Considering the neural basis of recursion, Friederici et al. (2011) assumed two different computational systems dealing with hierarchical structures: one determined by the cognitive control for complex sequences in non-language domains, and another one (confined to Broca's area) which is able to process hierarchically structured recursive sequences of artificial and natural grammars. The first computational system is less automatic; the second computational system is highly automatic.

Zimmerer and Varley (2010) presented a case study in which syntactic-structural recursion was not available for an agrammatic aphasic participant but his mathematical skills and ToM inferences were unimpaired. Recursive thinking in non-linguistic cognitive domains can be unimpaired in agrammatic aphasia. Siegal and Varley (2006) and Apperly et al. (2006) found intact second order ToM reasoning in severe agrammatism.

On the other hand, with respect to AD, a number of papers discussed deficits of ToM abilities. For instance, Fernandez-Duquet et al. (2008) found that AD persons and persons exhibiting the behavioral variant of fronto-temporal dementia (bFTD) faced similar difficulties in second order false belief tasks (while in other respects they differed from one another). Freedman et al. (2013) demonstrated significant ToM deficit in false belief tests and in visual perspective taking. According to a systematic review by Sandoz et al. (2014), the deficit shows up more markedly in complex ToM tasks like second-order false belief tasks, not independently of changes of ToM reasoning and other cognitive processes in old age. Moreau et al. (2015) demonstrated the presence of ToM deficit in AD persons in tasks requiring realistic communicative interaction, too. Other researchers (e.g., Choong and Doody, 2013) did not find ToM deficit in AD.
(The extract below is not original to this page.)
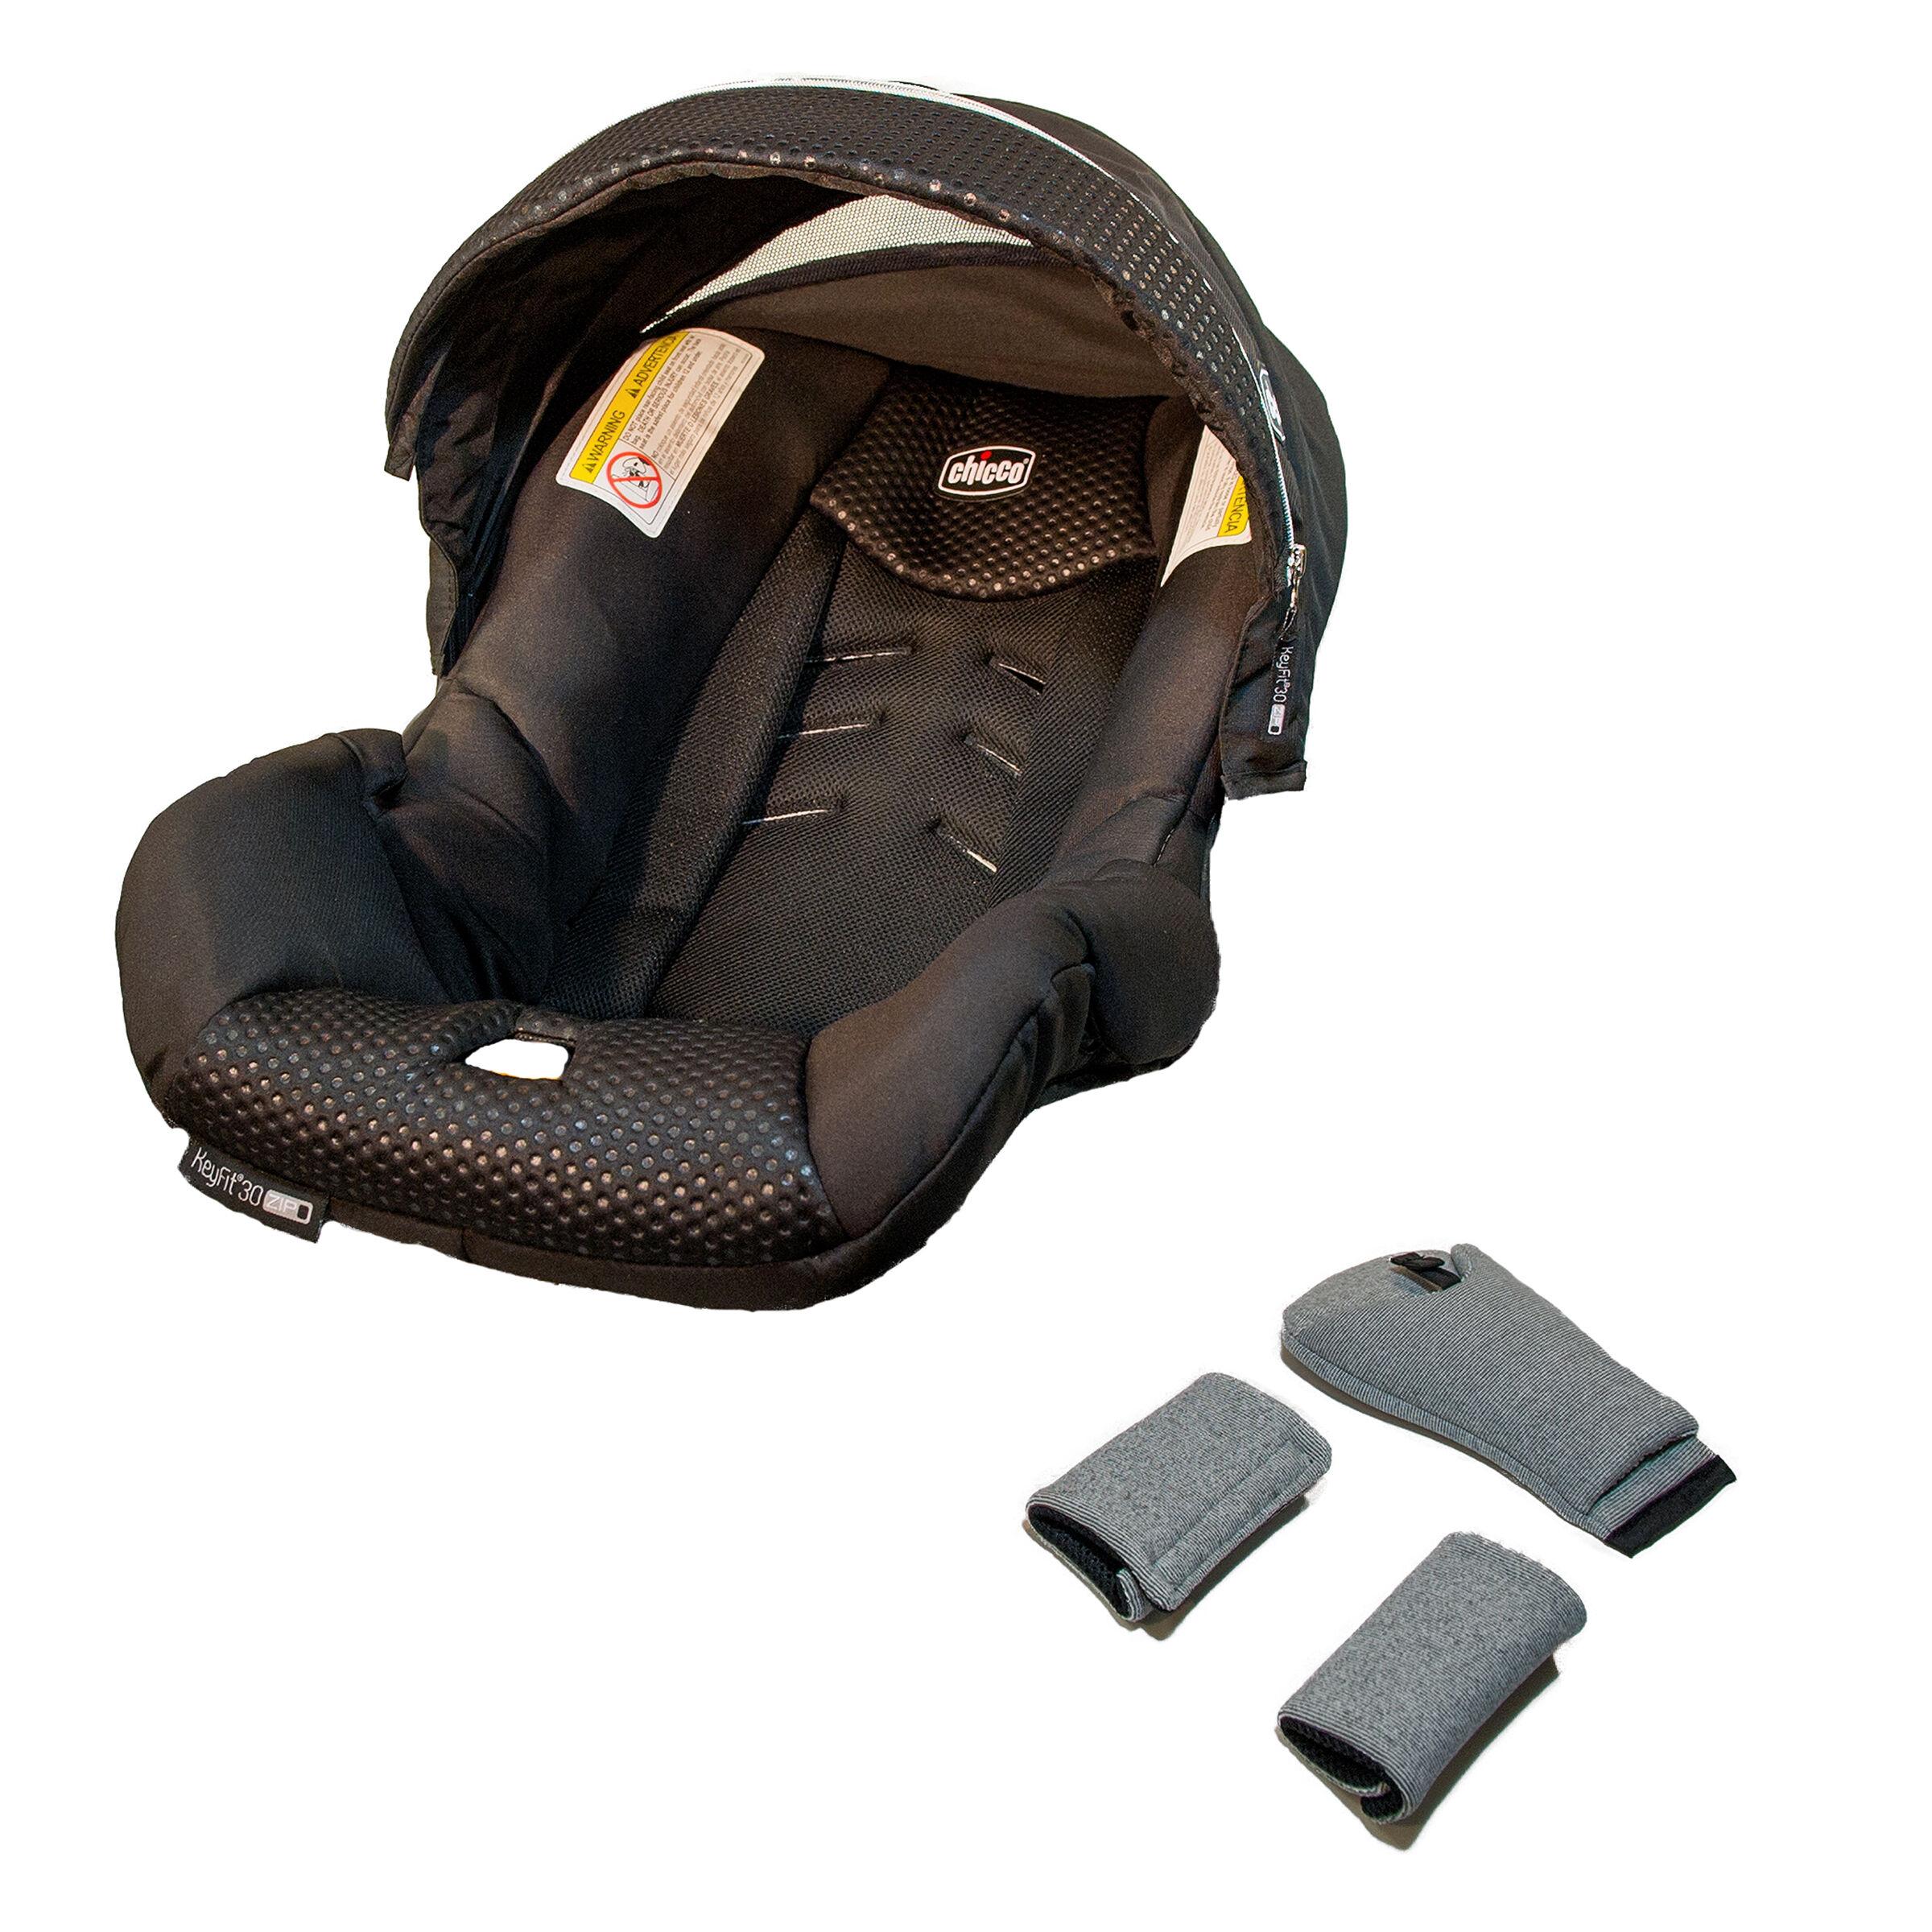 Replacement Insert KeyFit 30 Zip Infant Car Seat Head /& Body Insert Obsidian

1.2. The title of the present paper refers to the fact that our case studies in syntax and ToM are concerned with recursive subsystems, not all types of linguistic recursion. We focus on the effect of linguistic limitations in aphasia or Alzheimer's disease (AD) on syntactic recursion as it appears in the embedding of sentences. Of course, syntactic recursion has other instances, too, like the unbounded merge of DPs; and linguistic recursion has other, quite different aspects as well, like the recursion appearing in the hierarchy of prosodic phrases representing syntactic information (cf. Ladd, 1986; Selkirk, 2009; Wagner, 2010). Schreuder et al. (2009) presented an experiment that revealed: edge-marking processes, such as early pitch accent placement (stress shift), are applied recursively to phonological phrases that are embedded in another phonological phrase. Recursive rules were found in phonotactic structures. According to Hulst (2010a), “phonotactic structure displays considerable recursion firstly at the syllable/foot level and, secondly at the word and phrase level” (p. 335). In an event-related brain potential (ERP) study, Honbolygó et al. (2016) investigated prosody-syntax interaction in the case of embedded clauses. The resulting ERP components showed that “sentence prosody has an independent representation characterized by abstract and most probably recursive structure” (p. 32).
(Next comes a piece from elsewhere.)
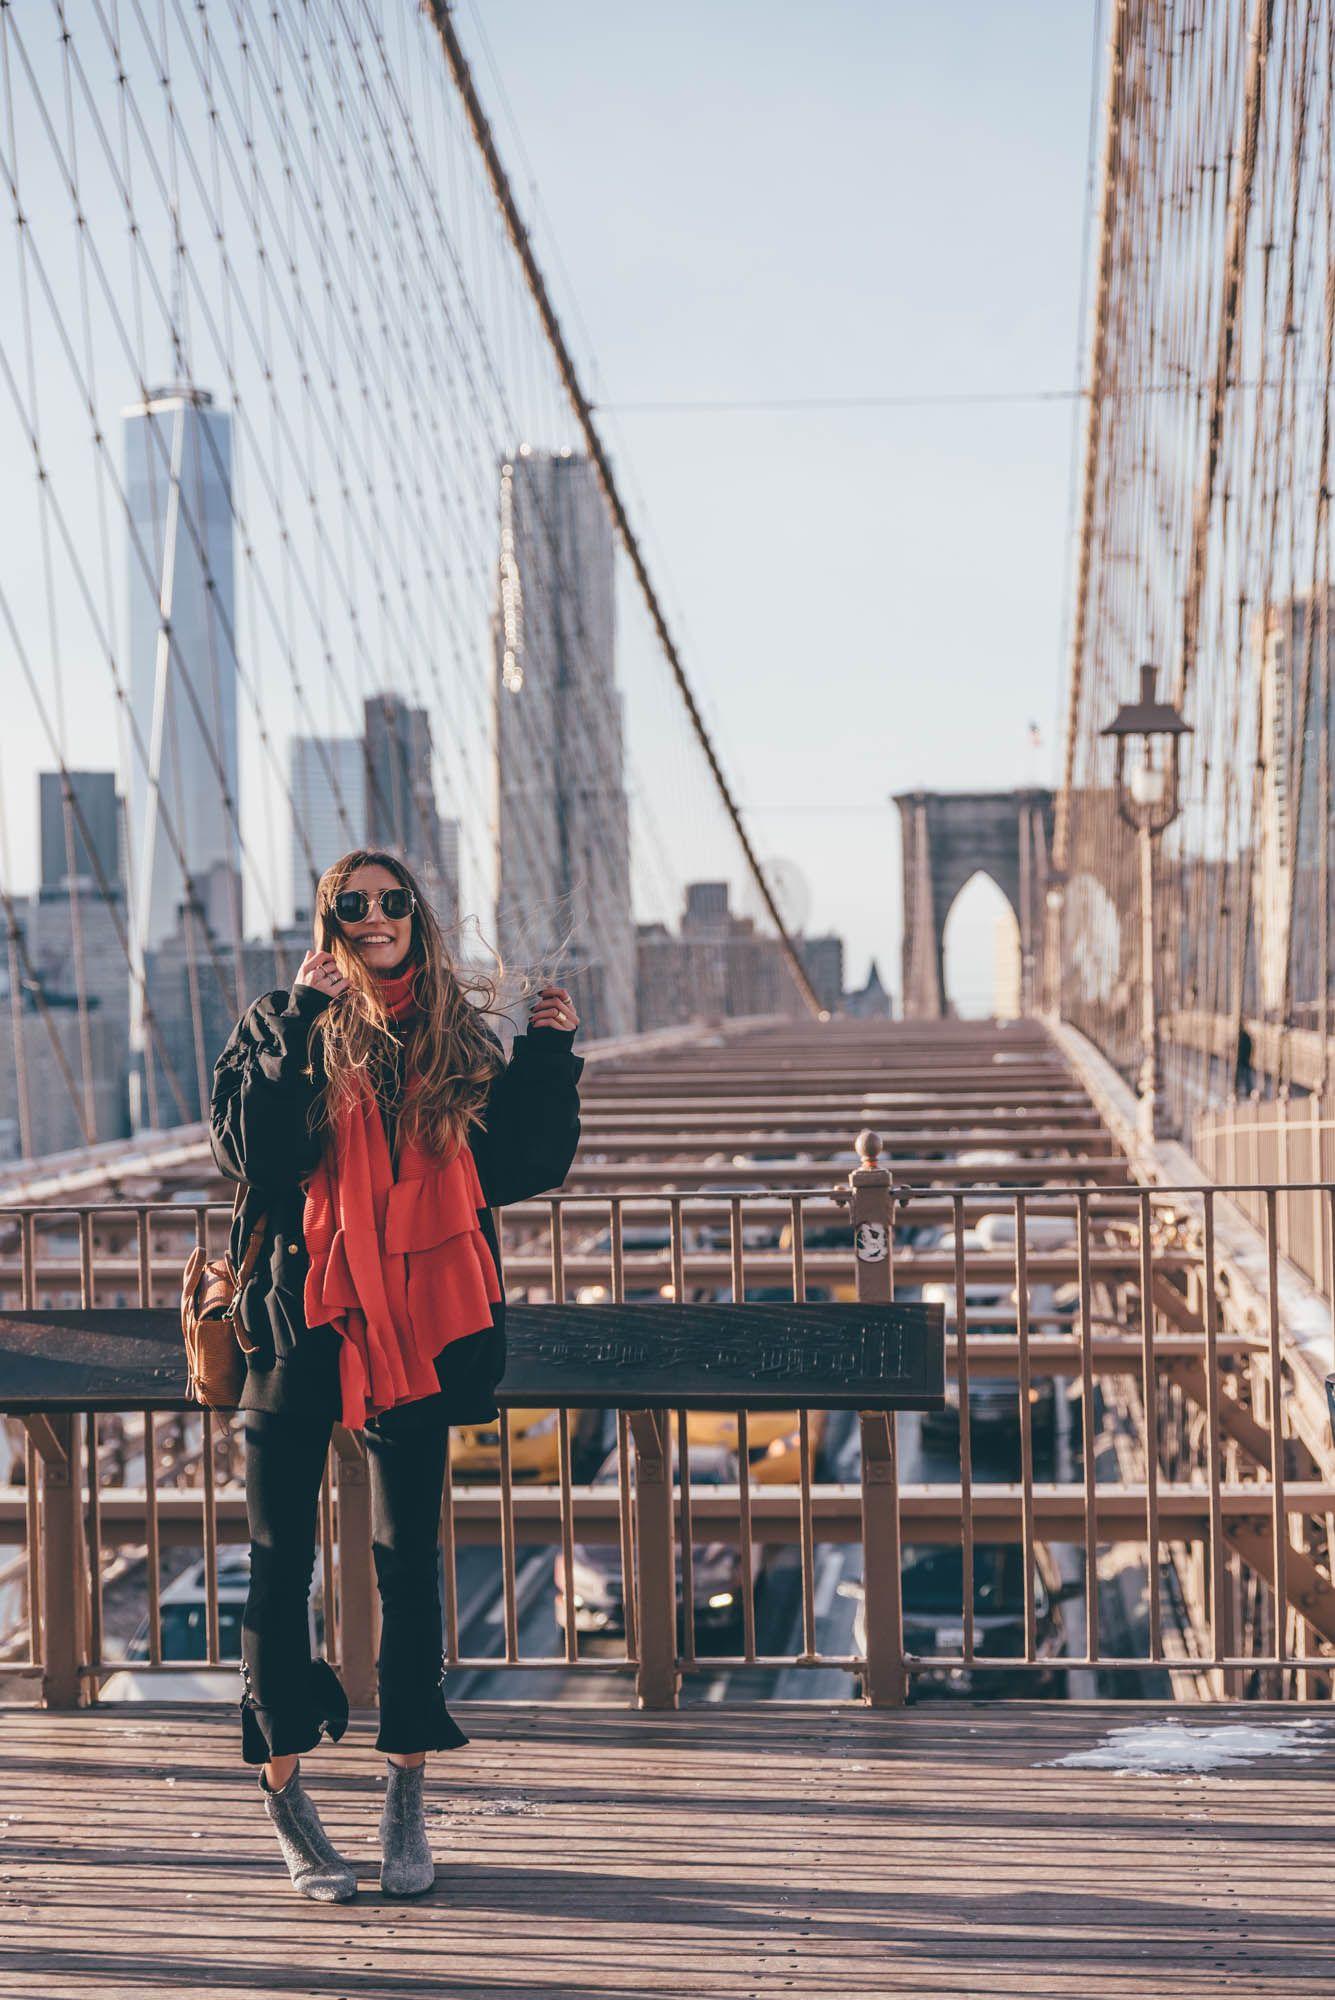 Brooklyn Bridge New York City on THELFASHION.COM | Wearing Glitter Boots, Skinny Jeans & oversized Bomber Jacket

The foregrounding of abilities concerning recursive sentence embedding was motivated by the fact that it was in this area that we could best explore and compare the relationship between the linguistic capacity and that for expressing ToM inferences of aphasics and AD participants. The present case studies concentrate on recursive subsystems that are possible in sentence embedding and ToM inferences.

As for using term “sentence embedding,” let us take a simple example for embedded clauses introduced by subordinating conjunctions in potentially recursive constructions:

a) [I knew the beautiful girl.]

b) [I knew [that the beautiful girl remembered……]]

c) [I knew [that the beautiful girl remembered [that the boy understood the gesture……]]]

Examples (b) and (c) are recursive constructions. The “……” in the examples express that it is not restricted how many times the formal operation of clause embedding can be executed.

With respect to ToM, we use the term embedding in the sense of perspective embedding. What we mean by perspective is a set of mental states associated with fictive or factual states of affairs (Whalen et al., 2012). In perspective embedding, one mental state is embedded within another mental state. In principle, this can go on infinitely; in practice, however, a series of perspective embeddings surpassing five instances begins to become incomprehensible (Dunbar, 2000).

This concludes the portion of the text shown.